Here's what the have for options:
- resolution .00005”/.0001”
- resolution .0002”/.0005”*
*


----------



## T Bredehoft (Feb 10, 2016)

.0002 is almost meaningless as far as a milling machine is concerned, IMHO any more is money spent without return.


----------



## Dan_S (Feb 10, 2016)

resolutions, is only part of the picture, you also need to consider accuracy, repeatability, & Hysteresis. 

This image below (from dropros) & webpage are  good starting points.






http://www.yuriystoys.com/2013/12/selecting-scales-for-a-hobby-dro.html


----------



## ch2co (Feb 10, 2016)

Dan,
You beat me to it, by seconds.


----------



## Muskt (Feb 10, 2016)

I have the "factory" one installed--It is great.  It reads to "tenths"----HOWEVER, & this is a big "HOWEVER"--after getting everything set, and then tightening the assorted locking devices, it usually changes anywhere from 2-4 tenths on mine.  It is relatively easy to hold to less than a thousandth, though.  

Jerry in Delaware.


----------



## ch2co (Feb 10, 2016)

whoops, did it again !  keep pushing the wrong thing.
To continue, 
It really depends on what you're planning on doing with the mill.   Yuriys toys site explains it well.
http://www.yuriystoys.com/2013/12/selecting-scales-for-a-hobby-dro.html


----------



## Jim Wilson (Feb 10, 2016)

Thanks for all the info everybody - I'm going to have to sit down and do a little reading tonite and educate myself.


----------



## wrmiller (Feb 10, 2016)

I was recently talking to the folks at DroPros about the EL700 DRO for my new mill, and they said that typically you don't see resolution below 5 micron on mills, but it is not uncommon to put 1 micron scales on lathe cross slides. Which is what I did. I'm putting the 5 micron scales on my new 935. FYI the 1 micron reader heads are a $100/ea. upcharge IIRC. Ouch...


----------



## ycroosh (Feb 11, 2016)

Jim Wilson said:


> I'm looking into putting a DRO on my PM-932.  The vendor I'm talking to ( looking at a Fagor DRO) - has different options available for the scales.
> 
> I'm wondering if it's worth the money to put a higher resolution scale on the PM-932 - or is the mill just not capable of taking advantage of it?
> 
> ...



Jim,
For lathe's cross slide I can [marginally] justify a 1 micron scale if the lathe is of "tool room" quality. I used on my Jen 1024 and it's a grotesque overkill. I got mine very cheaply, so it didn't matter than much, but I would not pay extra for one.
Here is some food for thought: cast iron has coefficient of expansion of 0.0000058 in/(in*degree F). Aluminum is double that, almost exactly. Glass can be between 0.0000022 and .0000050 (pyrex vs. plate glass).
Let's say your scale is 30" and temperature in the shop fluctuates between 65F in the winter (in my case) and 80 in the summer. That's 15F over 30 inches. Cast iron will have delta of 0.00261, glass - 0.00099. That is 0.00162" difference between how much scale and the bed expand (best case scenario). This basically means that in order to take advantage of the regular 5 micron scales the shop needs to be climate-controlled, etc.

Hope this makes sense

Regards
Yuriy


----------



## wrmiller (Feb 11, 2016)

ycroosh said:


> This basically means that in order to take advantage of the regular 5 micron scales the shop needs to be climate-controlled, etc.
> 
> Regards
> Yuriy



No, you don't need a temp controlled shop. My lathe or material is not going to see that much temperature swing during operation regardless of what temp it starts at (winter or summer). The DRO measures distance traveled from a point you select, for example the point at which you just contact a round bar with your cutter, and from there only reports how far you have traveled from that point. There is no fixed point reference from which all measurements are taken.

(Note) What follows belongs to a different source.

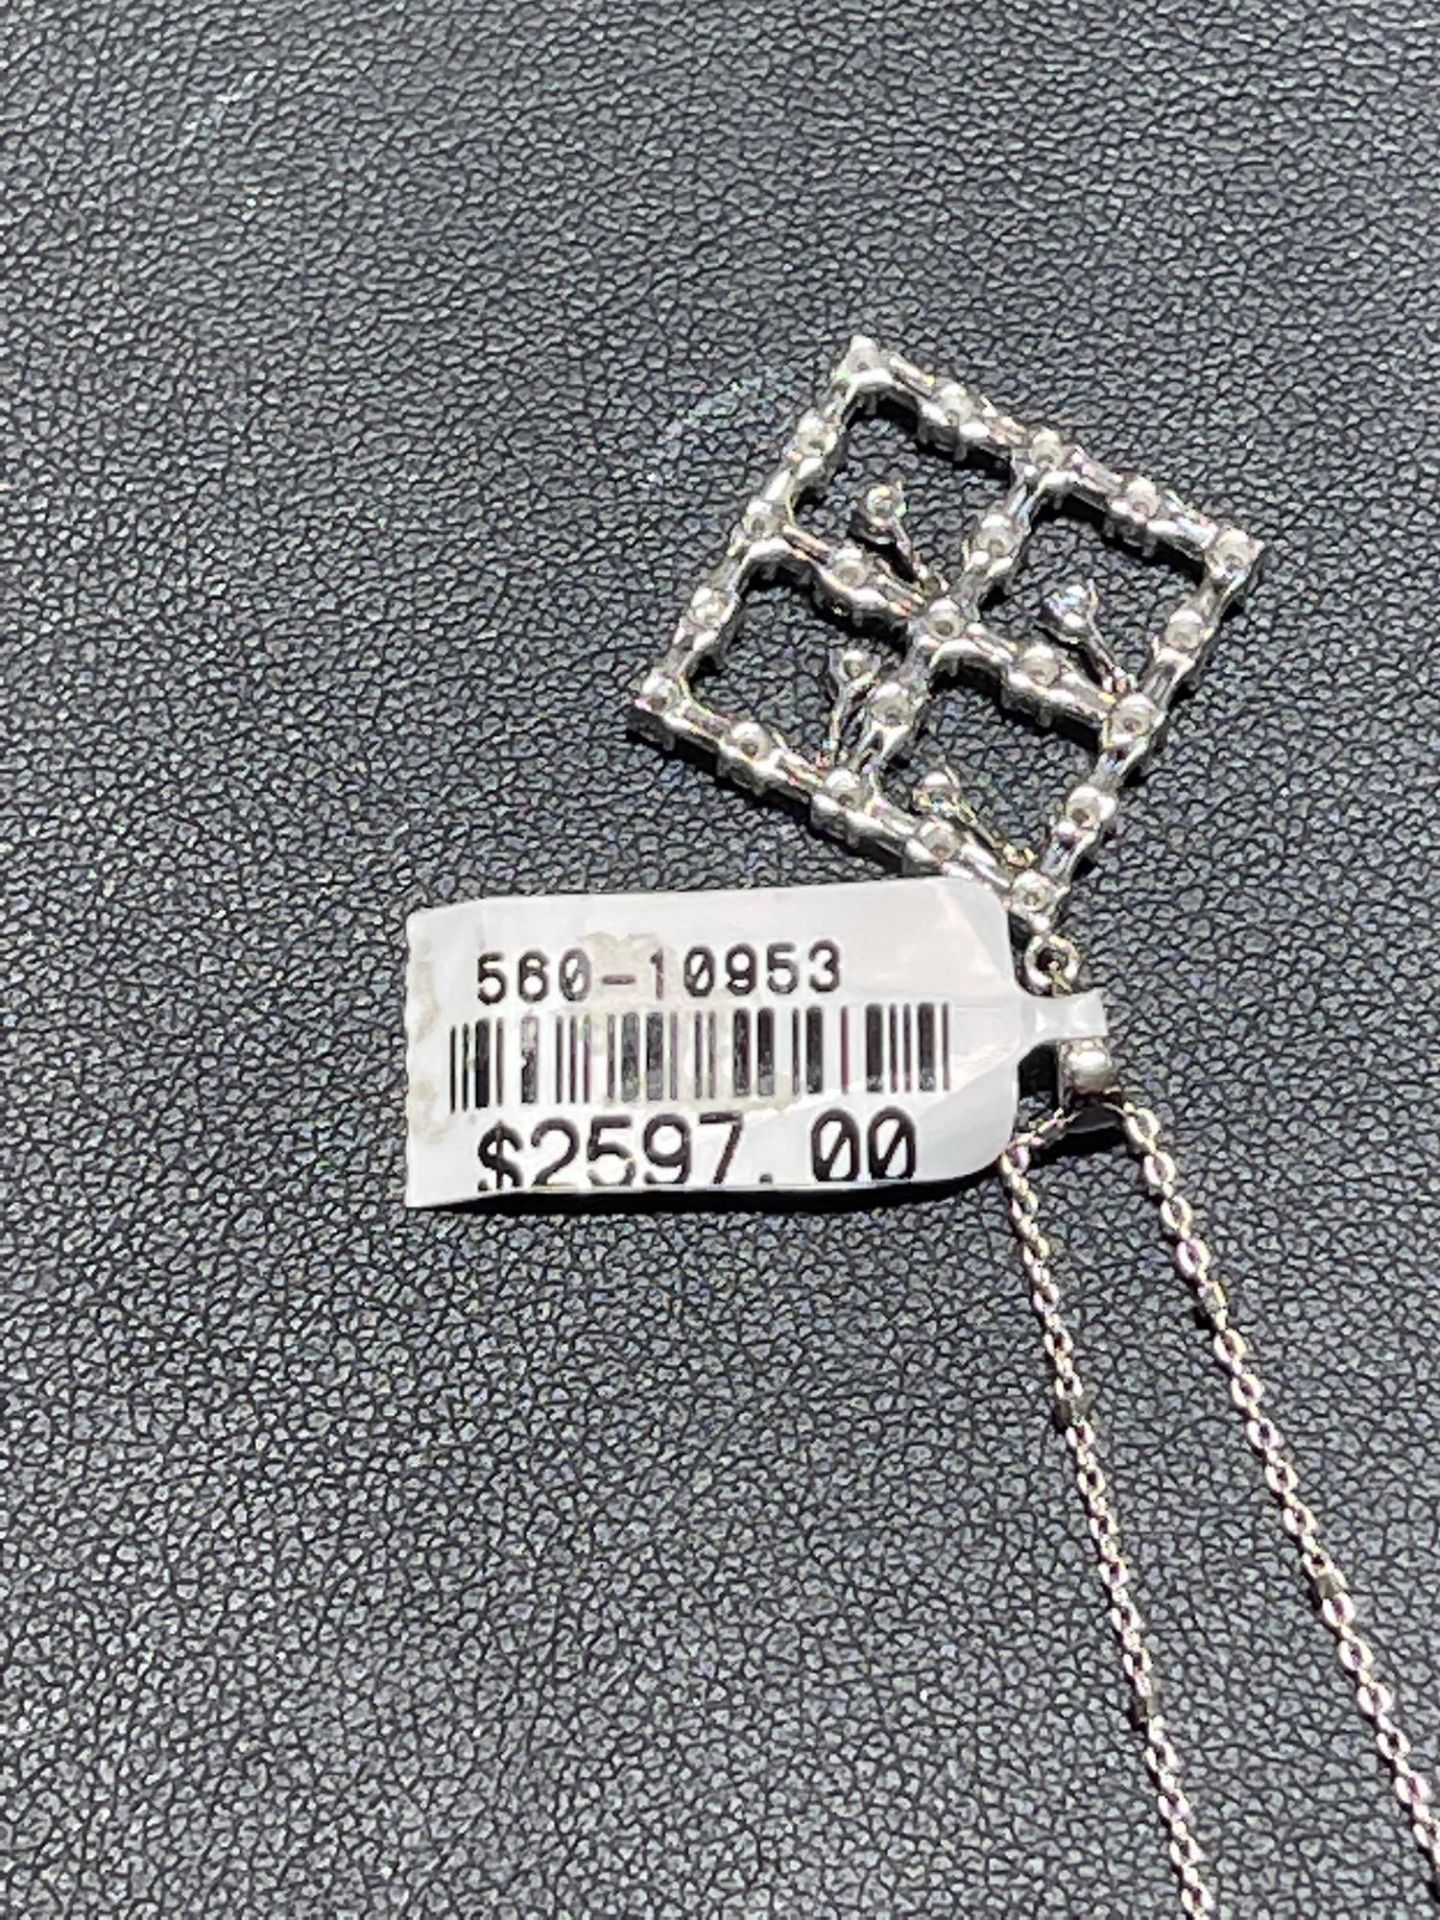 18KT WHITE GOLD .51CT DIAMOND NECKLACE - Image 3 of 3

I can hold tenths tolerance on a part regardless of how chilly or warm my machine is.


----------



## ycroosh (Feb 11, 2016)

wrmiller said:


> No, you don't need a temp controlled shop. My lathe or material is not going to see that much temperature swing during operation regardless of what temp it starts at (winter or summer). The DRO measures distance traveled from a point you select, for example the point at which you just contact a round bar with your cutter, and from there only reports how far you have traveled from that point. There is no fixed point reference from which all measurements are taken.
> 
> I can hold tenths tolerance on a part regardless of how chilly or warm my machine is.


OK, here is an experiment for you: turn a piece of steel to exactly 1.0000", leave it in the garage for a few hours and measure it (down to tenths). Write down your number. Now put down the micrometer and warm up the pin in your hand for a few minutes. Measure again. Write down the number. Compare two numbers (and compare them to the 1.0000" you turned the part to in the first place).If you happen to have two micrometers that can measure don't to tents, try to compare the measurements you get from them as well. 
Let me know what you find out


----------



## wrmiller (Feb 11, 2016)

Apples and oranges...

I know quite a bit about coefficient of expansion and other material properties, thank you. And that is not what I'm talking about. And it has nothing to do with the accuracy of a machine or a DRO.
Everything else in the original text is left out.